La parete frontale all’ingresso è animata da tanti oggetti articolati, tutti giocati sui toni del rosso. Vari materiali, vari riflessi di luce accompagnati da ombre generose. Nelle altre sale prosegue la sequenza delle opere, distinte per colore, uno su ciascuna parete. Sculture come composizioni, elaborati organismi formati da oggetti d’uso quotidiano, creati attraverso successive agglomerazioni, condensazioni, manipolazioni, avvitamenti, torsioni. Accumulazioni, avrebbero detto i Nuovi Realisti francesi qualche anno fa. Cannucce, matite, gomitoli, matasse, pastelli, carte, si raggrumano in queste opere, per poter essere raccolte, vissute, oltre che guardate.
Sono presenti anche le prime opere (1989/90) di Paola Pezzi (Brescia, 1963), palesemente eredi della tradizione poverista,
Lavori ibridi di materia grezza, più silenziosi ed introversi, poi evoluti (senza però perdere il tratto riconoscibile, la tridimensionalità compressa, ma esplosiva e vitale, che costituisce il suo stile) in una fase pittorica dedicata alla scoperta del colore e nel successivo periodo scultureo policromo. Brillanti sovrapposizioni di sculture centrifughe create con piccoli oggetti, di cui viene esplicitata la potenza espressiva grazie al gesto. Ma la disposizione gestuale di questi elementi non si riesce a percepire se non immaginando l’opera in perenne rotazione. Momento creativo e opera si identificano in un unico gesto/oggetto continuo che ne condensa il dinamismo. Dinamismo radiale contraddetto da alcune opere recenti, caratterizzate dall’uso di polistirolo, carta e matasse di cotone, in cui prevale la forza centripeta, l’implosione, la contorsione, il ripiegamento dell’opera su se stessa.
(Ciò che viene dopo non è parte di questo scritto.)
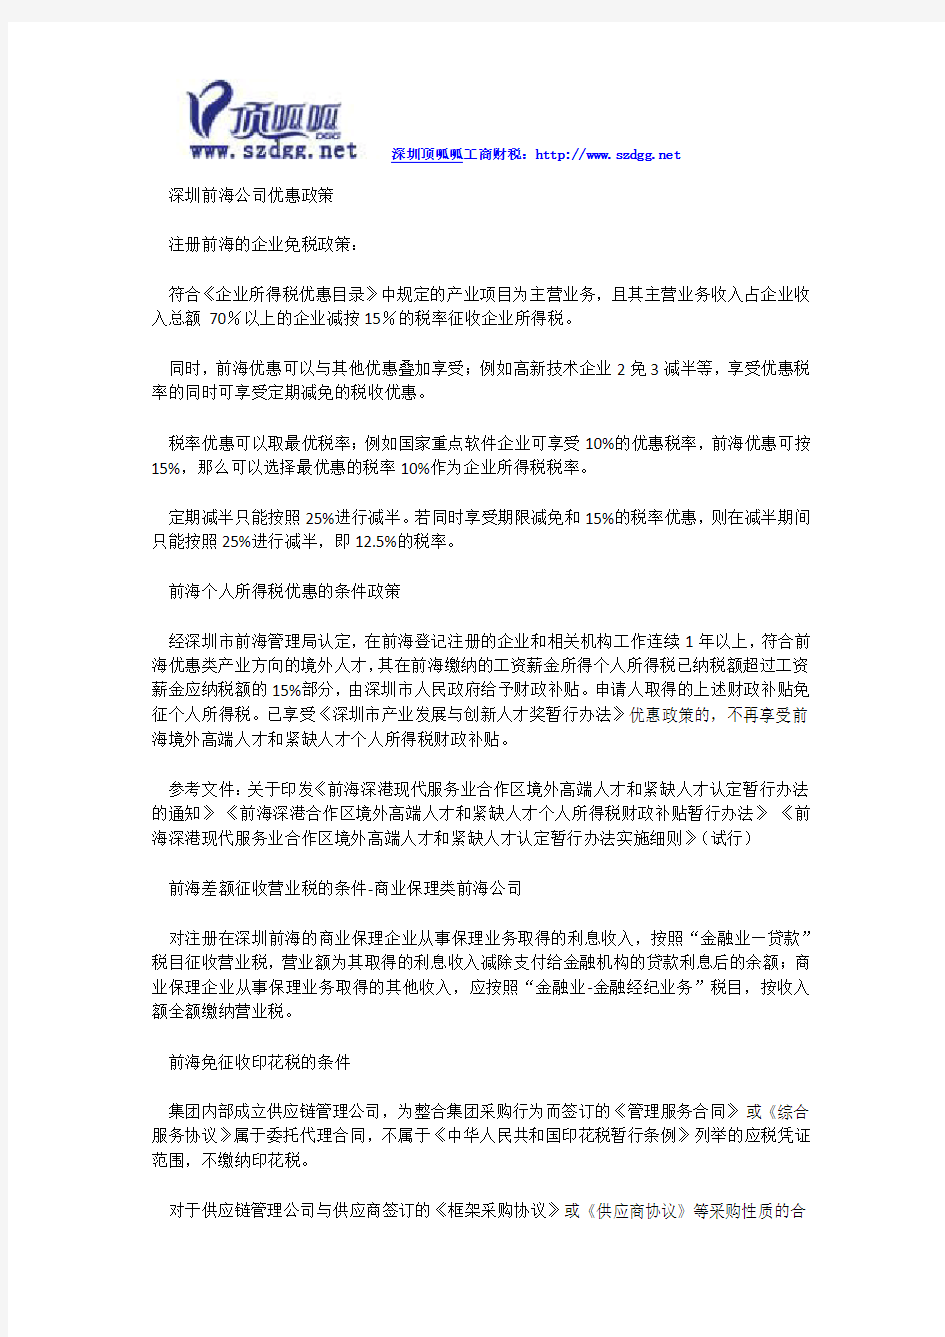 深圳前海公司优惠政策

Come scrive Luca Beatrice nell’introduzione al catalogo ” ogni cosa viene compressa all’interno di uno schema non dilatabile, corrispondente all’incirca alla possibilità di essere tenuta fra le mani. La moltiplicazione si ha nell’invasione progressiva dello spazio parete, per cui si potrà parlare di opera installata da fruirsi, al meglio, nella totalità e non nel singolo episodio”.